Allen, Russell (1860-1927), of Davenham Hall.  Eldest son of Peter Allen (1815-92) and his wife Sophia Russell, daughter of John Edward Taylor, born 11 May 1860.  Educated at Rugby.  Proprietor of the Manchester Evening News, which he inherited from his uncle in 1905.  JP and DL for Anglesey; High Sheriff of Anglesey.  He married, 3 March 1886, Blanche (1865-1949), daughter of Joseph Moseley of Cringle Hall, Manchester, and had issue:
(1) Monica Una Russell Allen (1886-1905); born 5 December 1886; died unmarried at Quiberville (France), 13 July 1905;
(2) Doris Evelyn Russell Allen (1889-1979), born 7 June 1889; died unmarried, 6 February 1979;
(3) John Edric Russell Allen (1890-1918), born 3 August 1890; educated at Trinity College, Cambridge (admitted 1909; BA 1912); served WW1 in 16th Lancers; died of wounds, 8 April 1918; buried at St. Sever Cemetery, Rouen (France);
(4) Geraldine May Russell Allen (1893-1978), born 1 May 1893; OBE 1958 for political and public services in Cheshire; died unmarried, 2 July 1978;
(5) Margaret Diana Russell Allen (1896-1974), born 4 November 1896; author of children's books including Many Moons under the acronym Mard; died unmarried, 24 March 1974.
(6) Peter Lewis Russell Allen (1899-1983) (q.v.);
He purchased Davenham Hall in about 1909, and also had a house at Beaumaris on Anglesey.  After his death, Davenham Hall passed to his four unmarried daughters, and was sold in 1980 after the death of the last surviving daughter.
He died 23 March 1927 and was buried at Davenham, where there is a war memorial chapel formed by screens designed by Sir Robert Lorimer, 1929, in his memory.  His will was proved 13 March 1928 (estate £321,963).  His widow died 27 December 1949.  Her will was proved 29 March 1950 (estate £72,437).

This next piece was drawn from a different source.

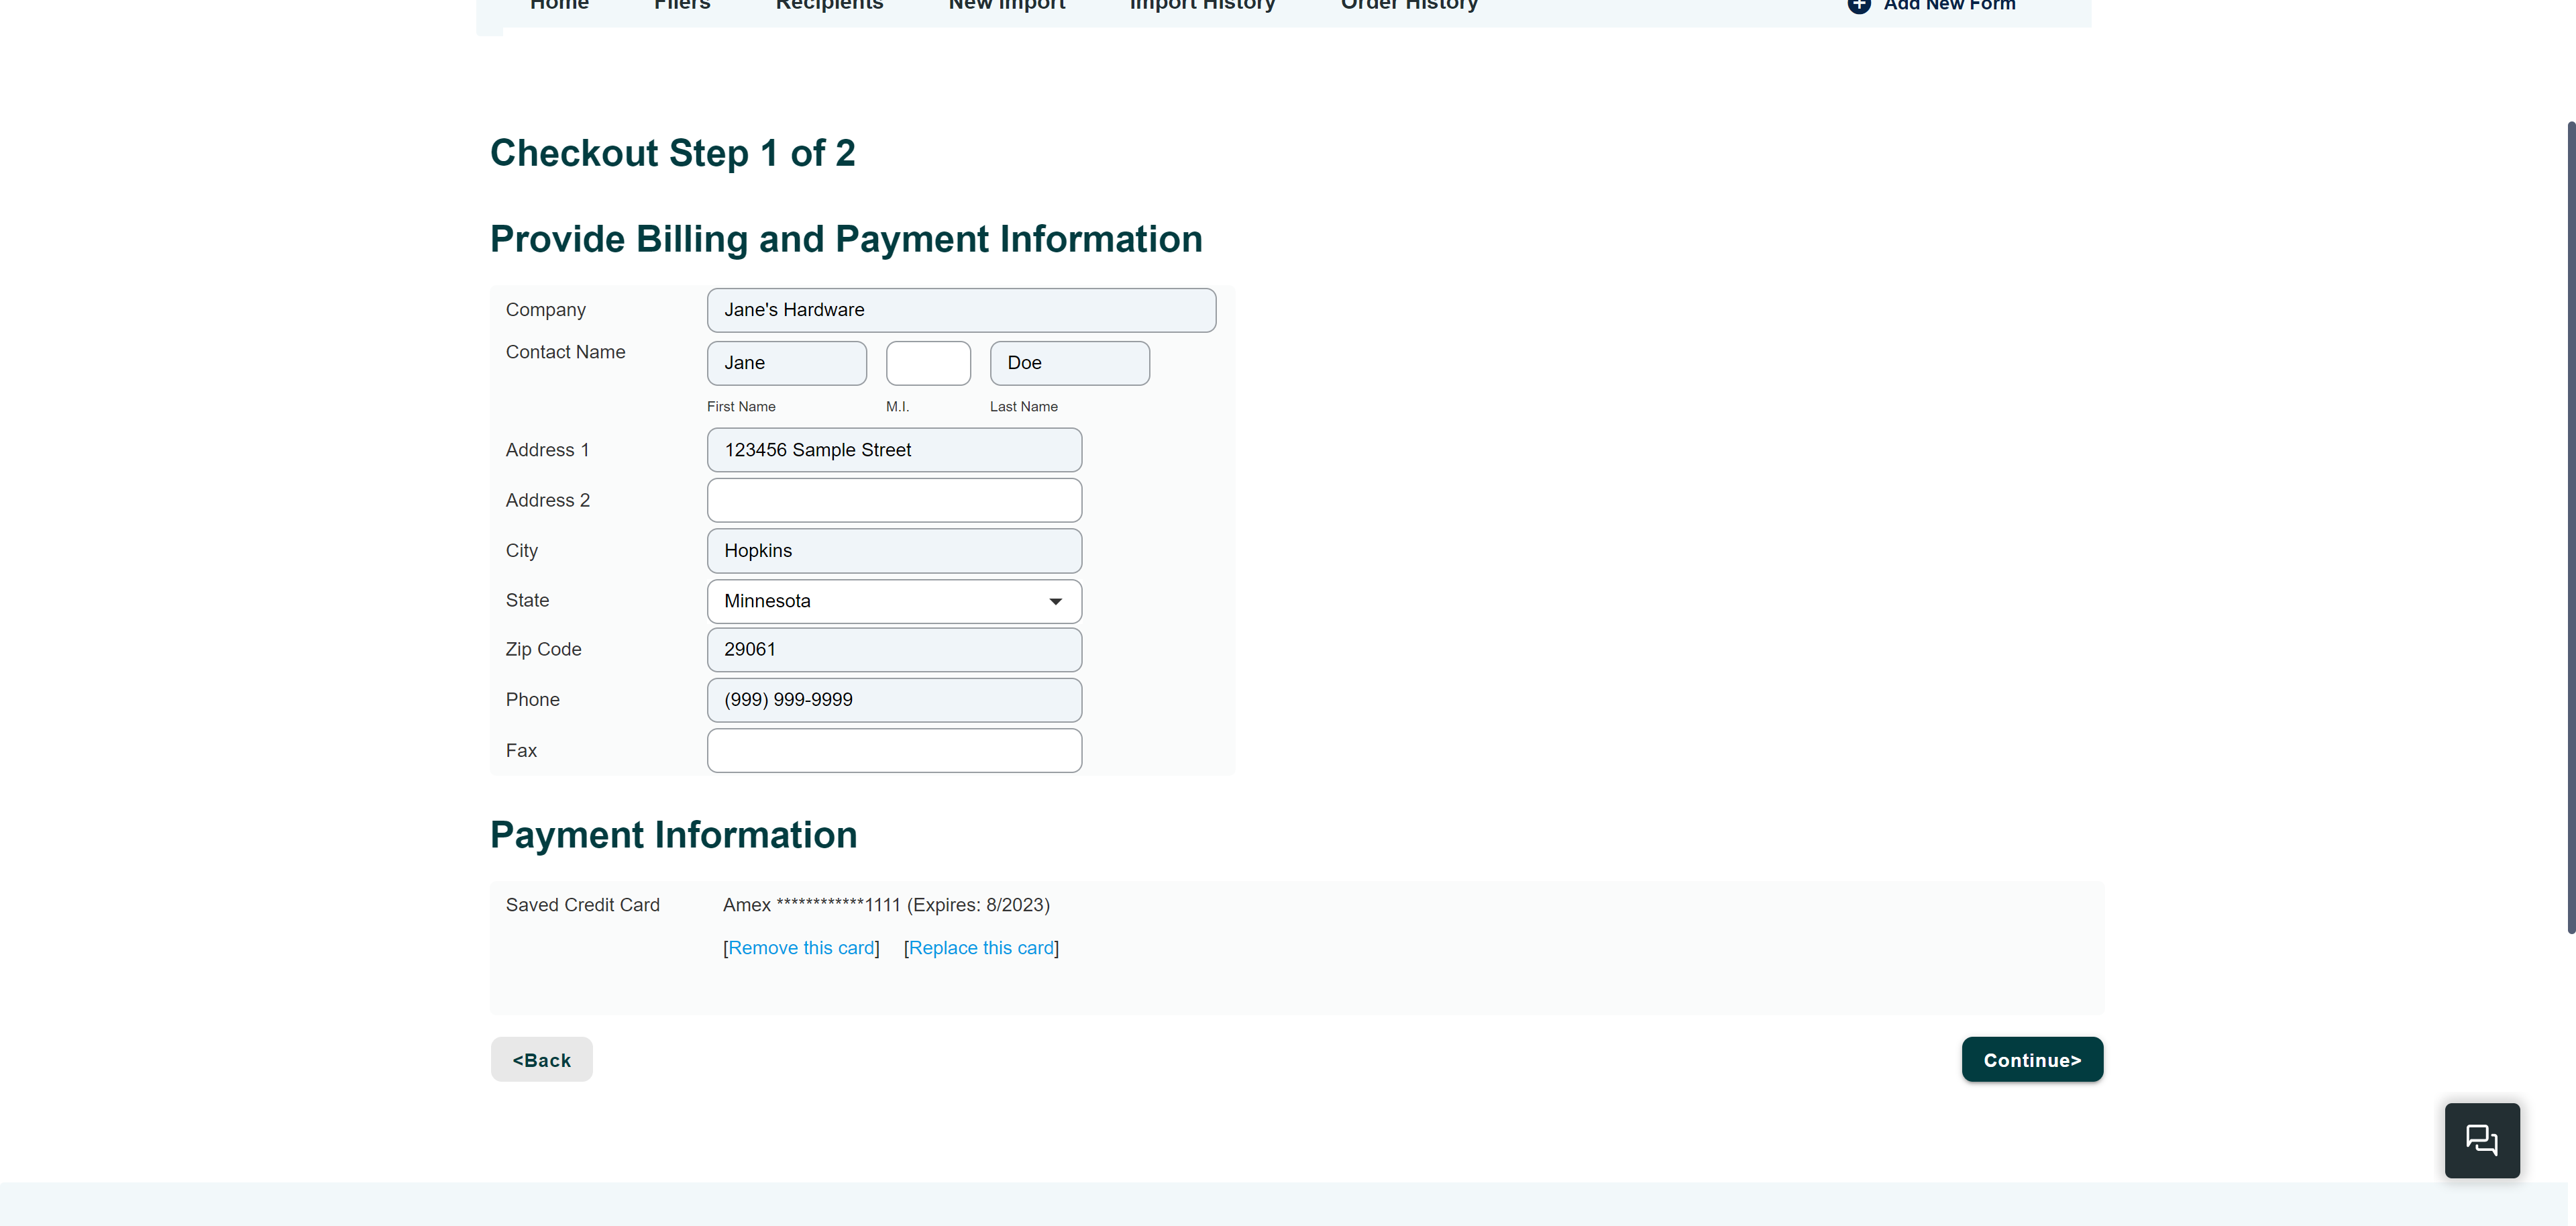 Image of the Checkout page.

Allen, Peter Lewis Russell (1899-1983) of Fosse House, Stow-on-the-Wold (Glos).  Only surviving son of Russell Allen (1860-1927) and his wife Blanche, daughter of Joseph Moseley of Cringle Hall, Manchester, born 31 August 1899.  Educated at Radley School. Master of The Cheshire Forest foxhounds, 1933-44.  He married, 1933, Margaret, daughter of Philip Greenwood of The First, Parkfield, Knutsford (Cheshire) and had issue:
(1) John Peter Russell Allen (b. 1942), born January 1942;
(2) June Russell Allen (b. 1939), born July 1939;
(3) Rosemary Margaret Russell Allen (b. 1946), born September 1946.
He briefly lived at Fosse House, Stow-on-the-Wold (Glos) in the 1950s.
He died 2 July 1978 and was buried at Davenham.  His widow died 1 February 1988 and was buried at Davenham.


Burke's Landed Gentry, 1952, p. 25; D. & S. Lysons, Magna Britannia, vol. 2, part 2, 1810, pp. 646, 845; Ormerod, History of Cheshire, 1819, pp. 126-7; The Admission Register of Manchester School, vol. 2, p. 263;

Location of archives

Allen, Charles Peter (1861-1930): correspondence, 1895-1913 [Warwick University Modern Records Centre, MSS.118]

Coat of arms

Gules, within two bars nebuly, as many mullets, in chief a mullet between two martlets and in base a martlet, all argent.

Revision and acknowledgements
This account was first published 31 December 2013 and was revised 6 June 2016.


  1. I am interested in the history of 562 London Road, Davenham. I have lived at this address since March 1984 and believe our cottage and our neighbours property were once part of the Davenham Hall estate. I understand these 2 properties were the living accommodation for the gardener and groom from Davenham Hall.

  2. As a child i lived at the lodge 511, London Rd, my dad raymond salisbury was gardener at the hall it was owned by two spinsters who were quakers we lived in the lodge from 1957 till 1960.